What we need Downeast is reliable and AFFORDABLE high speed internet. The only decent broadband in this county is the DSL that FairPoint purchased from Verizon and that only covers Eastport, Quoddy Village, and a portion of Pleasant Point. That's where all this grant money should have gone. It is ridiculous that there is a clause in this grant that they cannot compete with one another because we need the competition. Pioneer originally offered their service (Wab Wirelss) for $34.95/mo and in the past year have increased it to 44.95. In the meantime, when it rains, nobody has internet, when you are connected your connection times out and speeds are ridiculously low. I could have reliable service that is never ever down, at 10X the upload and download speeds for 24.95 per month if the FairPoint Fiber Optics Network was expanded to include Route 1. All of the schools would also save money. This is yet another complete waste of money that everyone wants to say is going to "help" downeast. Offering a service that nobody can afford, or if they can, realize the service is not worth the price is not growth. I think some of the people writing up these grants and sending out the cash need to actually live in the rural population for about 6 months. Just another example of executives running things when they have no actual knowledge of the circumstances or working knowledge of their proposed fixes. Let's pay them another $100,000/year.

WAY to GO AXIOM FOR WASHINGTON COUNTY! WE WILL now have a more level playing field for competition with the rest of Maine, and a more improved business climate. NOW connect ME. I have been waiting for this. Maybe also NOW the tribes will have a better chance and a fair shot.
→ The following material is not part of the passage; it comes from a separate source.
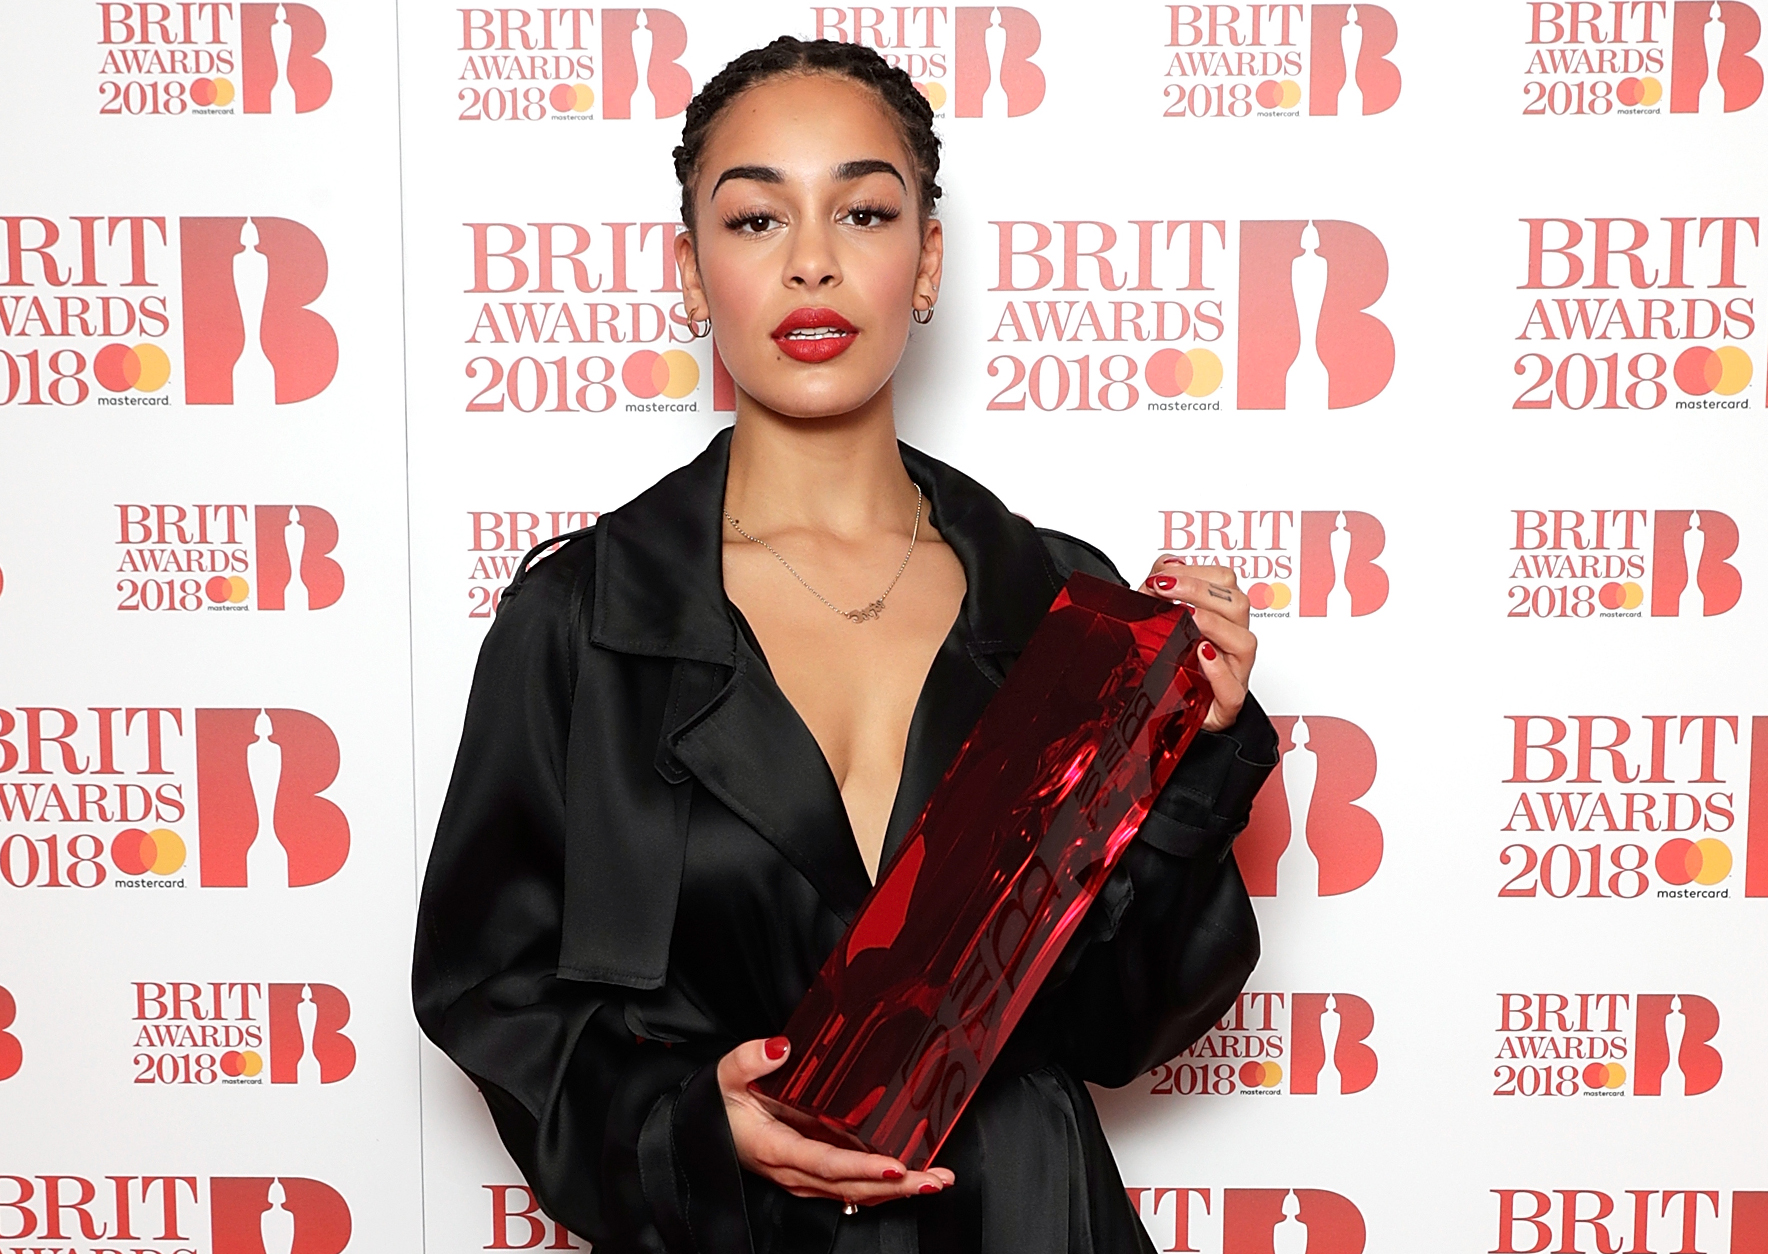 Jorja smith attends the brit awards 2018

"Lois" and "opinionated" hit the nail on the head. I am dying to get FairPoint into my area. Overall, DSL is the most consistent and reliable form of internet technology.

fairpoint for dsl is in the calais area.

Where, pray tell, does the idea that competition is a bad thing come from???! It sometimes looks like these companies are more interested in "protecting" areas they MIGHT want to serve than the are actually providing a service. I'm in an area a bit west of Dover Foxcroft and we've been hearing the golden promise -- especially from Cornerstone -- and seeing little to nothing in terms of concrete progress. Due to some changes in access numbers my dial up speed is now down to 24 kps (old phone lines I'm told)... and I'm literally about a half mile off a major highway. No cable, no DSL... cell phone service sucks so that's not even close to an option. So while it seems like all these guys are fighting over protecting their future territories from competitors, I'm left sitting here with my hand raised yelling, "Hey, would anybody like a customer?" (Actually, there's a bunch of us.)

Oh, sure we can go with Satelitte I guess... although the local distributor for Hughes has figured out when you're the only game in town you can be pretty arrogant about customer service. (Another benefit of "no competition.") I'm tempted to back Premium Choice at this point simply because they are using private funds... not waiting around for government handouts that come with strings attached. I understand the need to make money, but these companies accepting "grants" seem to be more interested in using the money to go into markets that already have broadband choices. The people who are supposed to benefit from the grants get ignored.